## GOAL OF THE EXERCISE
Copy the data that follows exactly. Include no pictures.

## INFORMATION SHOWN
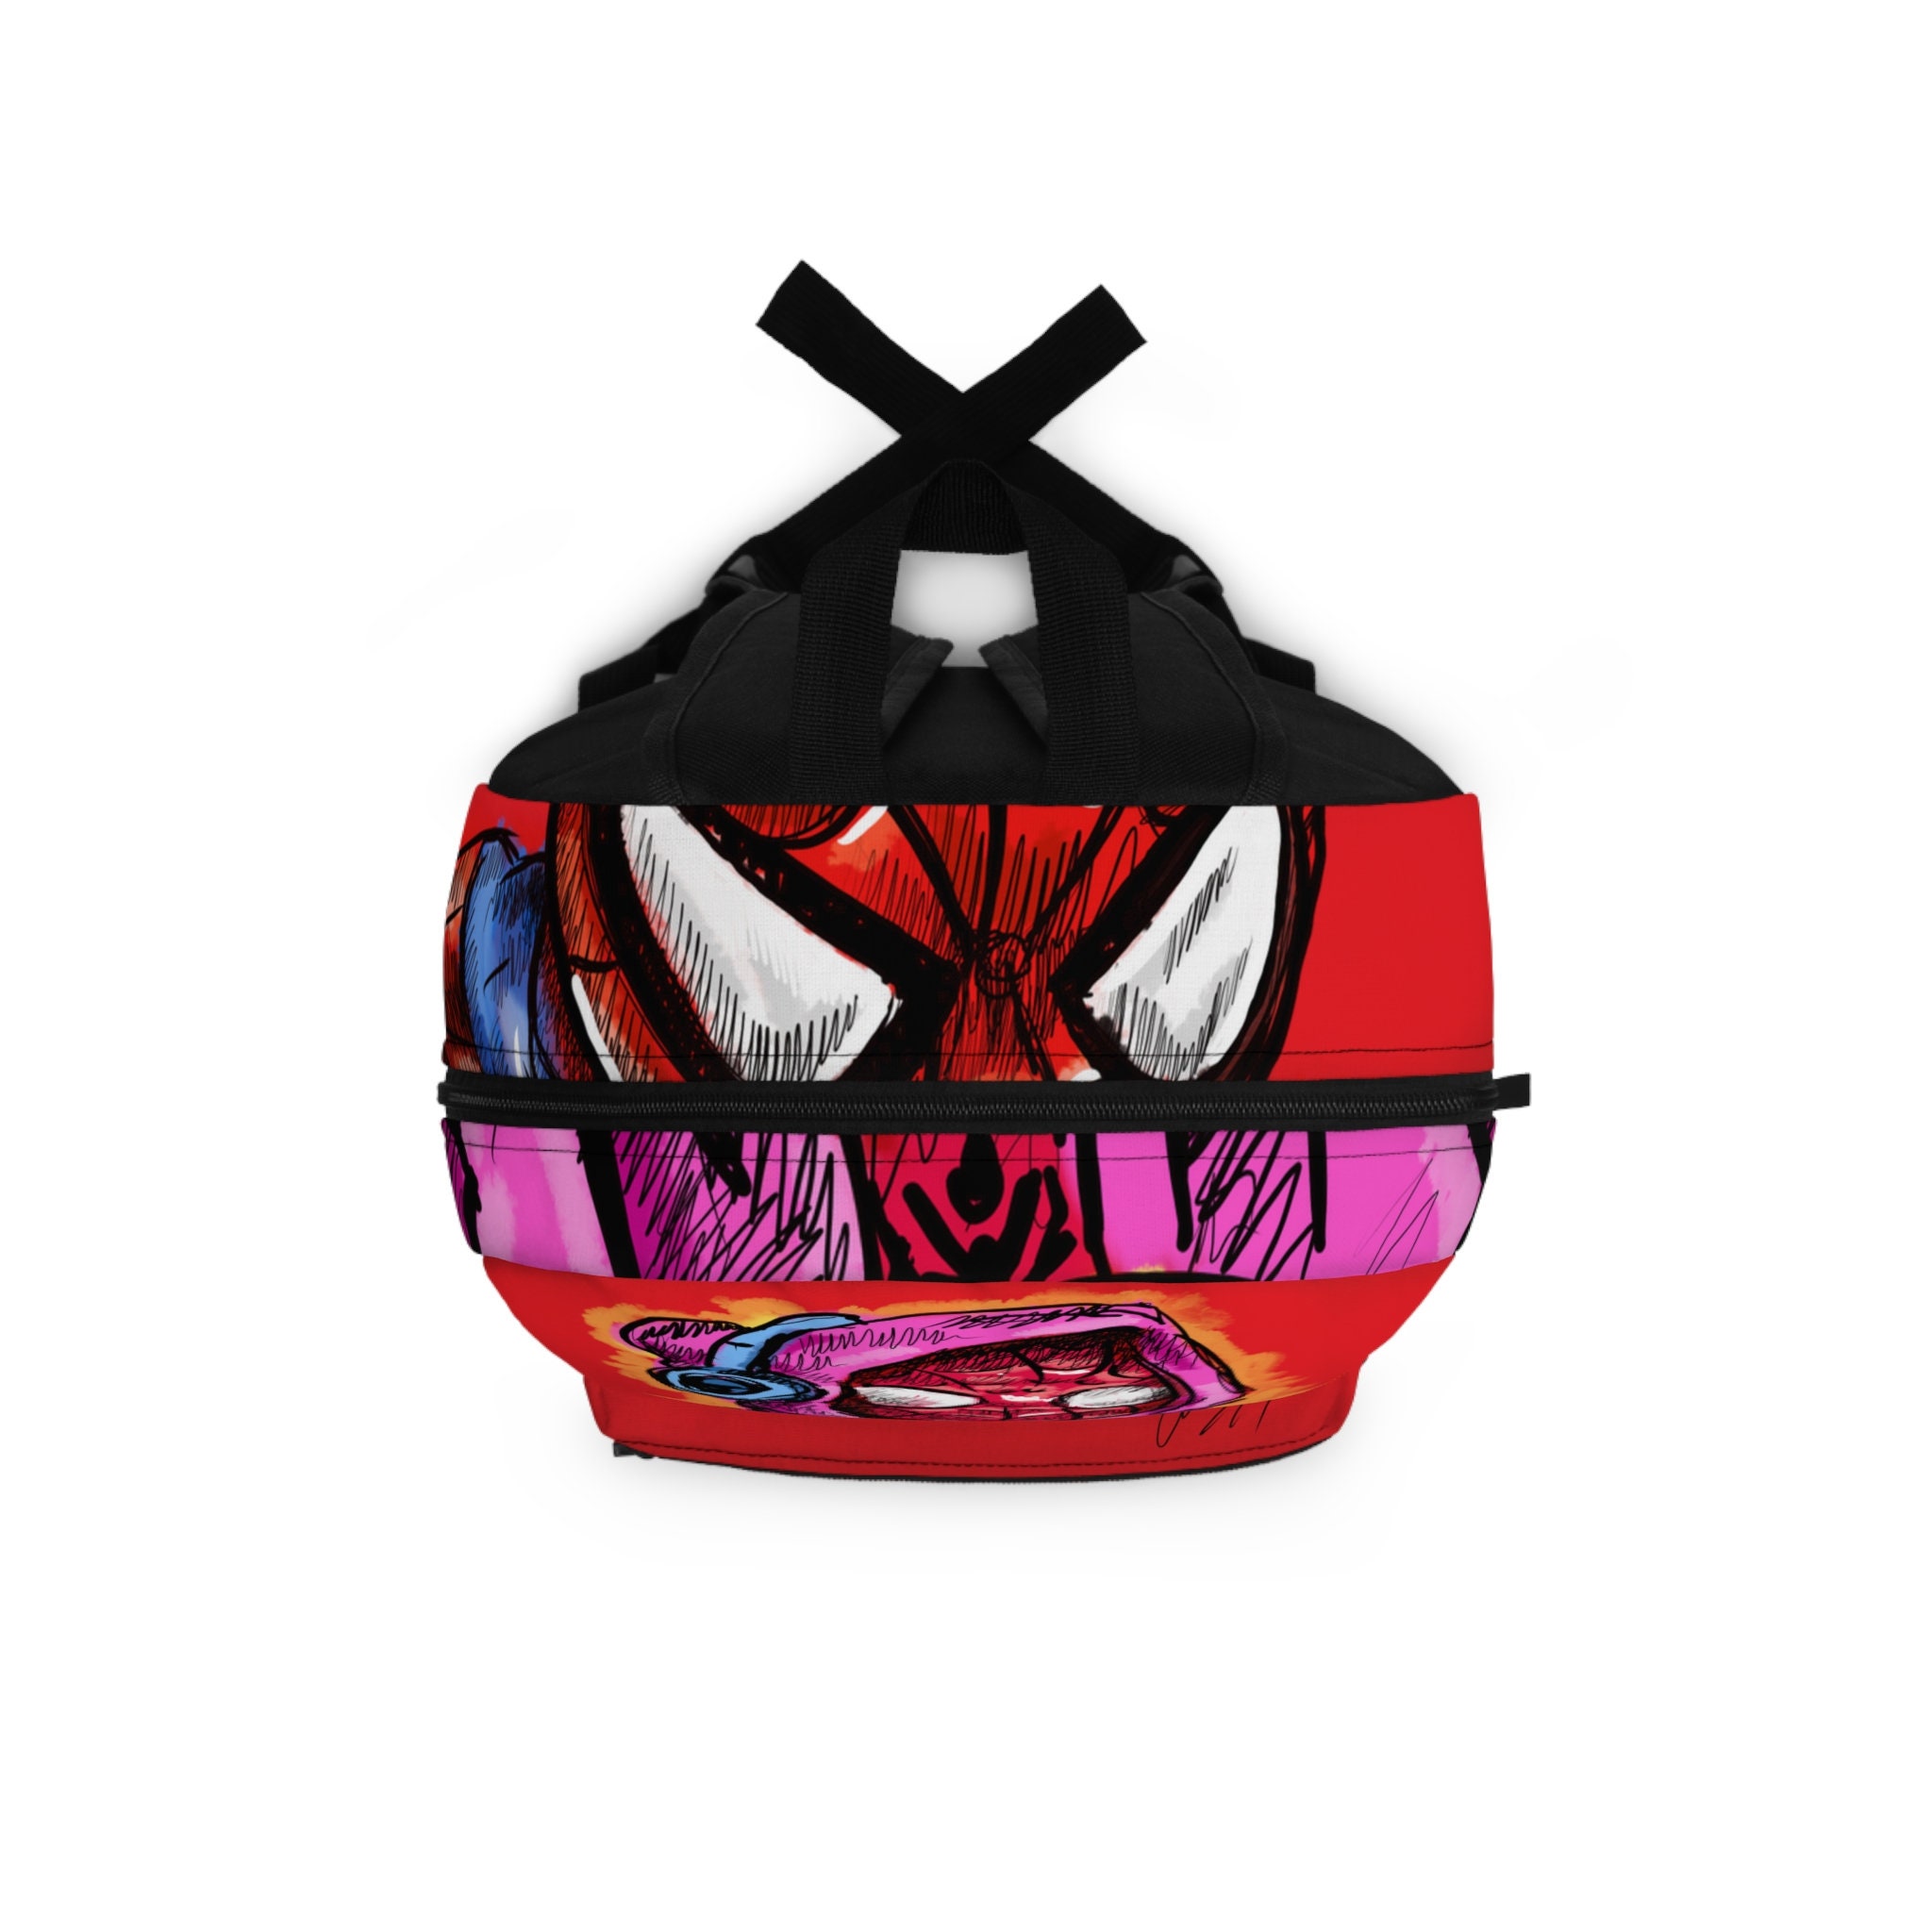 Spider Man Red Kids School Backpack, Spider man back to school Bag
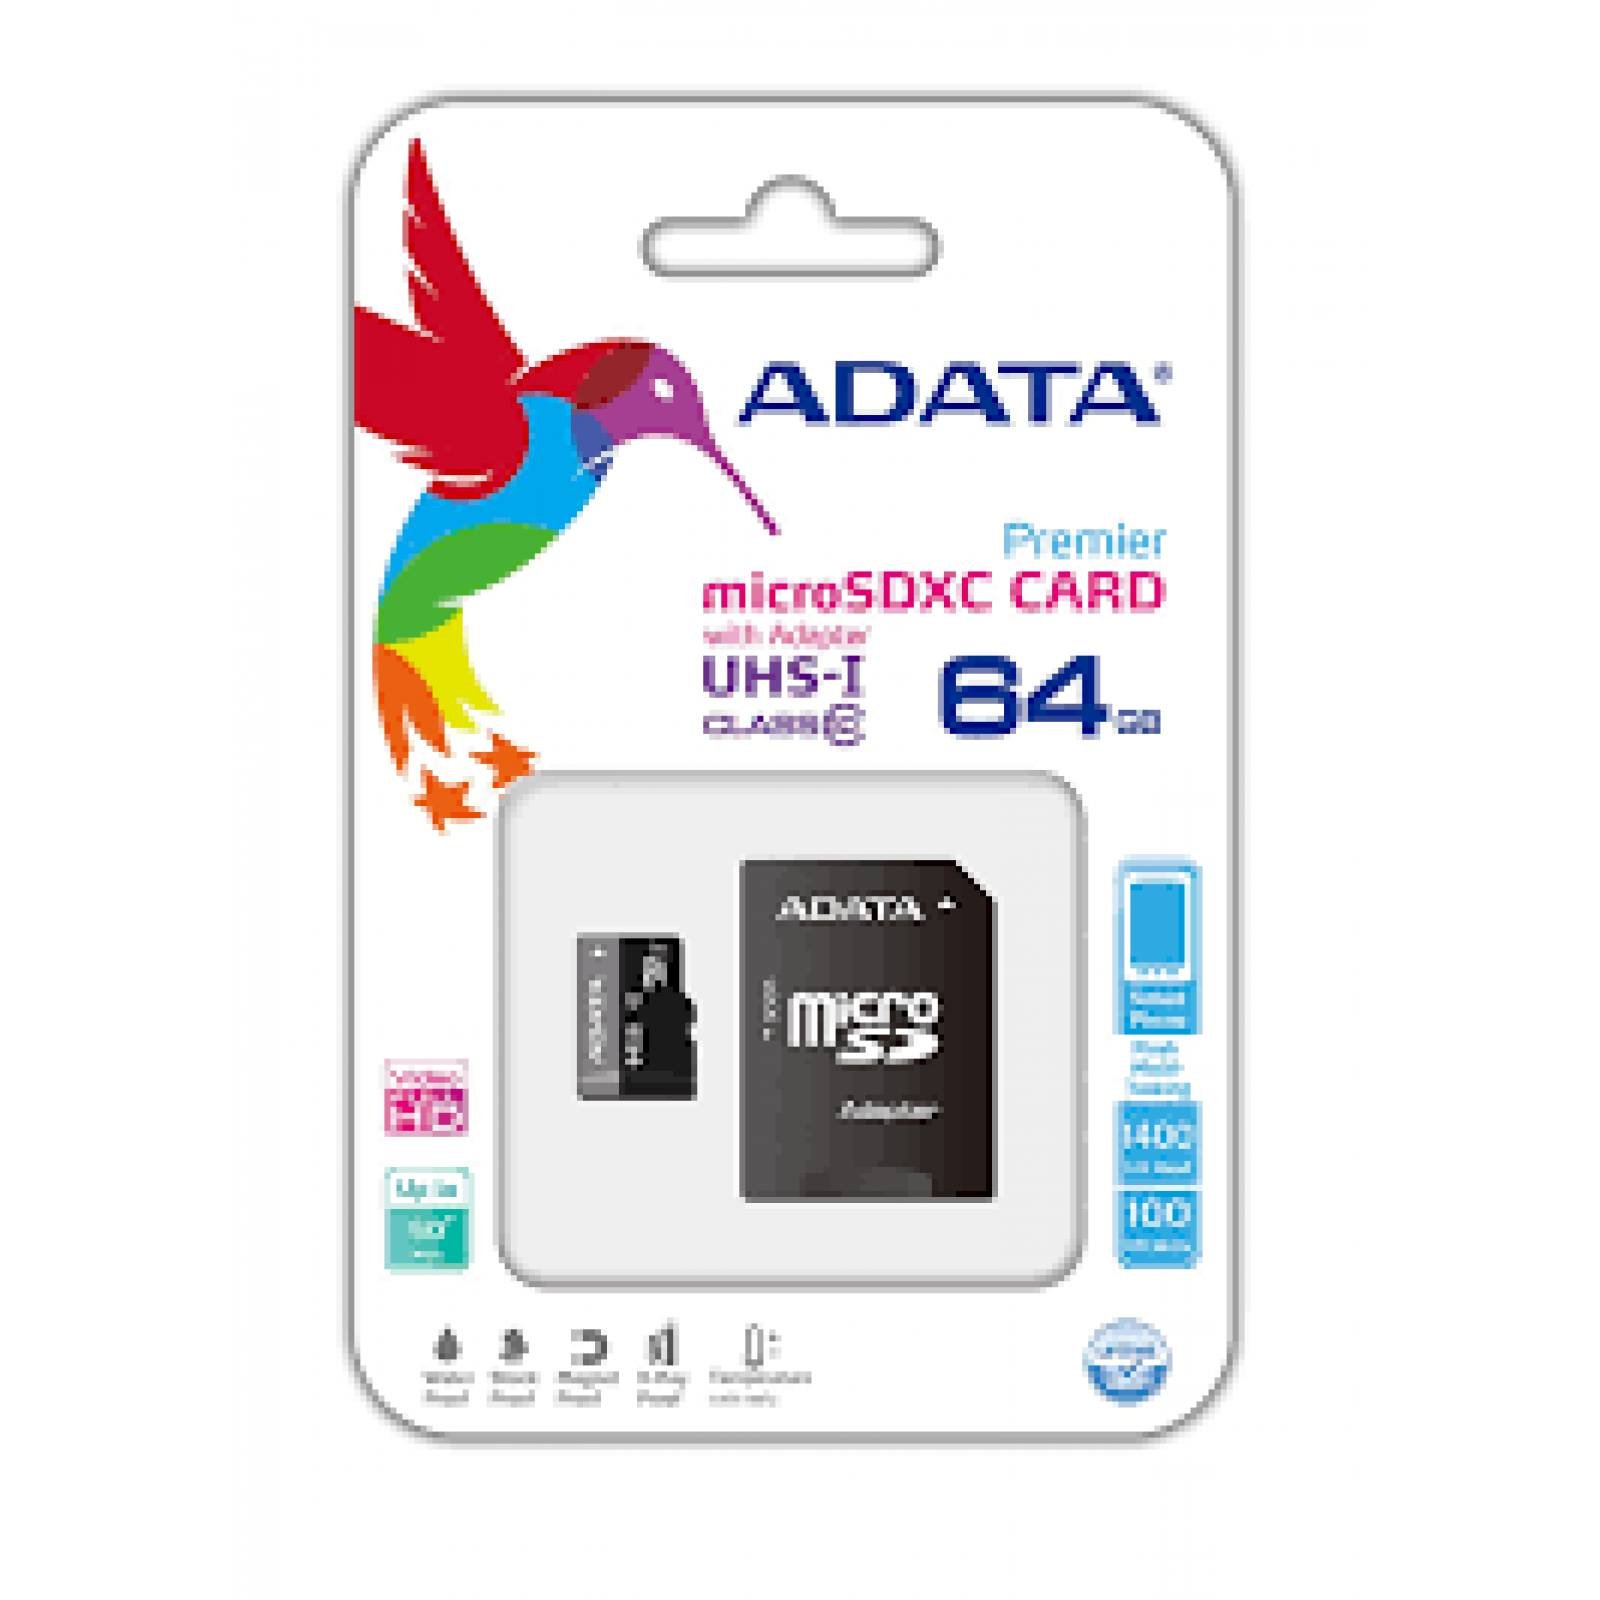 Memoria Flash Adata 64GB MicroSDHC Clase 10 C/Adaptador
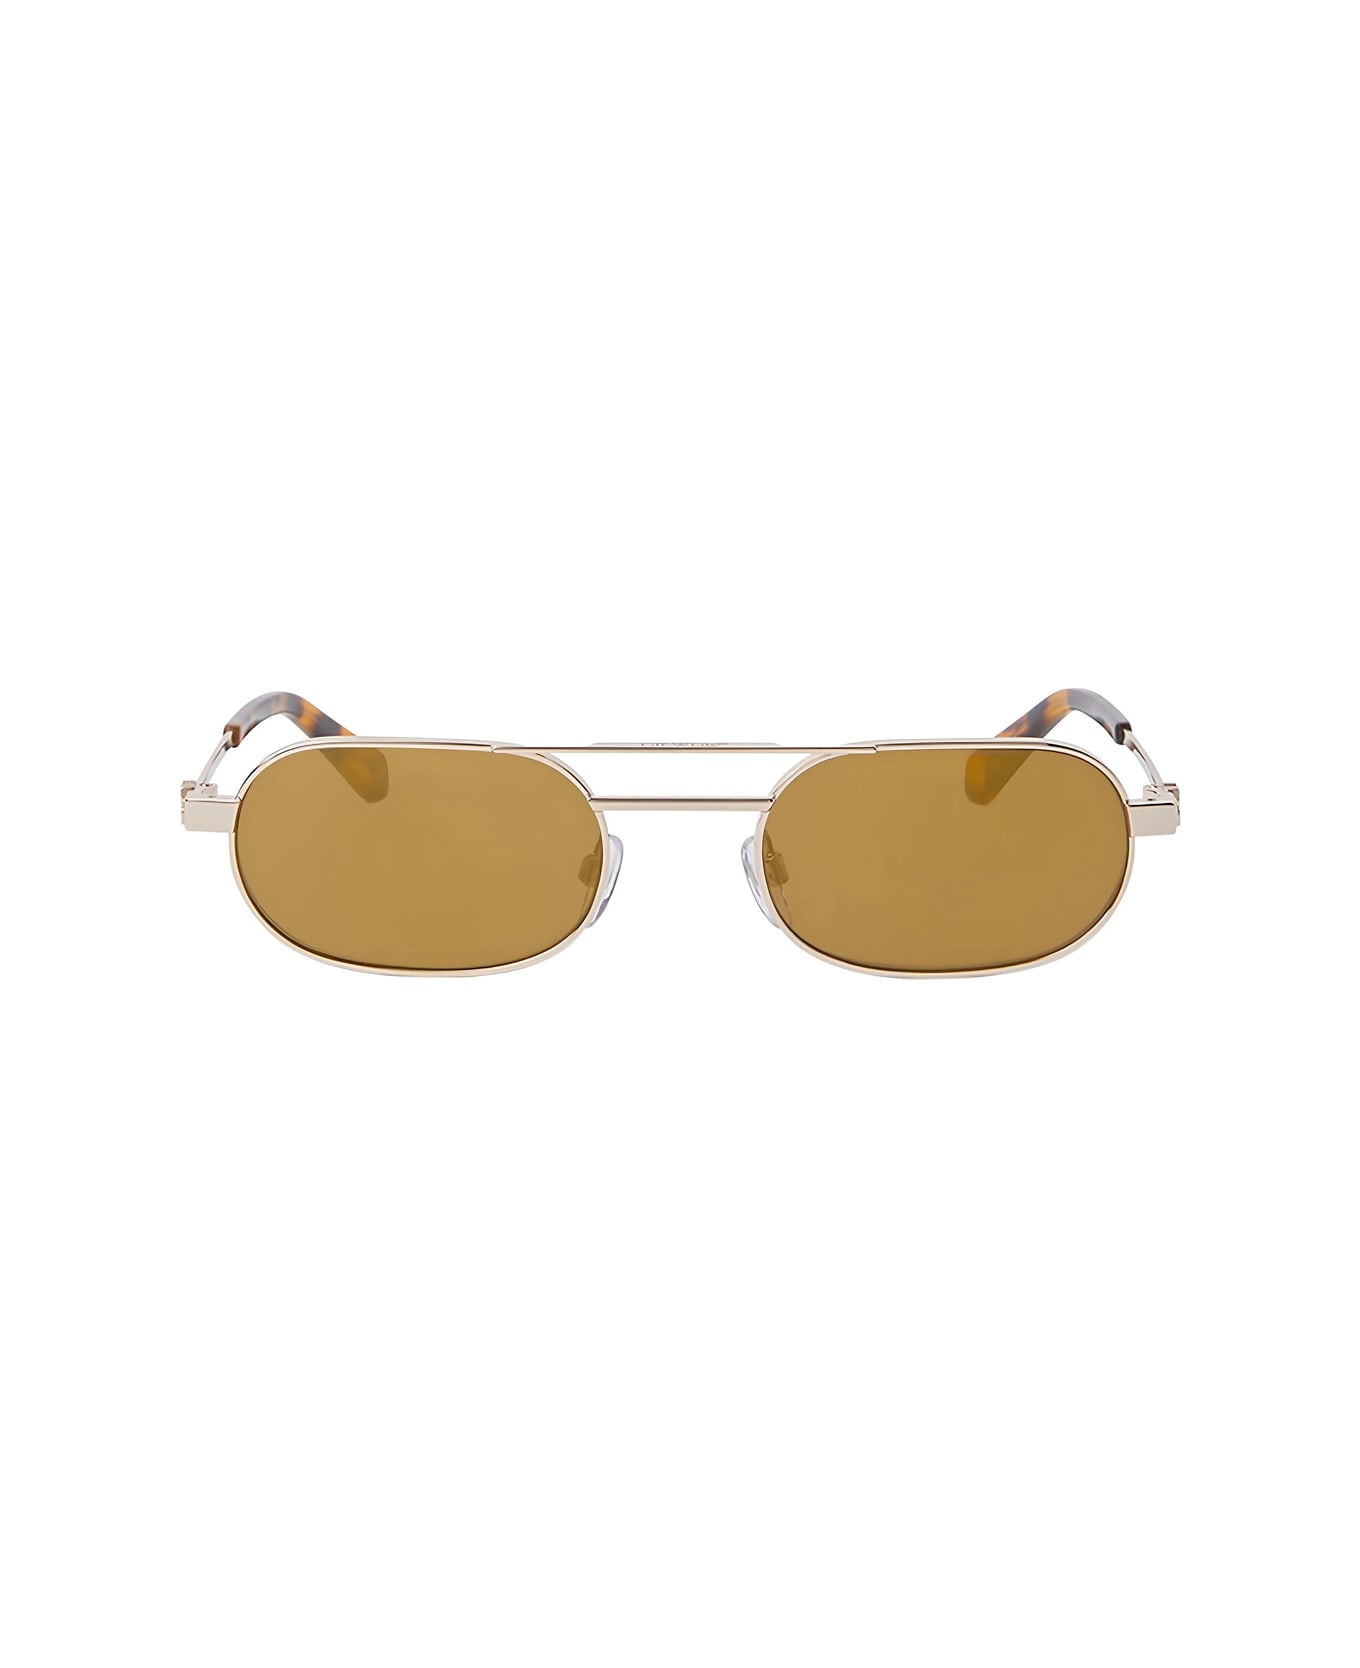 Off-White Oeri123 Vaiden 7676 Gold Sunglasses - Oro サングラス

## TASK RESULT
 Spider Man Red Kids School Backpack, Spider man back to school Bag
 Memoria Flash Adata 64GB MicroSDHC Clase 10 C/Adaptador
 Off-White Oeri123 Vaiden 7676 Gold Sunglasses - Oro サングラス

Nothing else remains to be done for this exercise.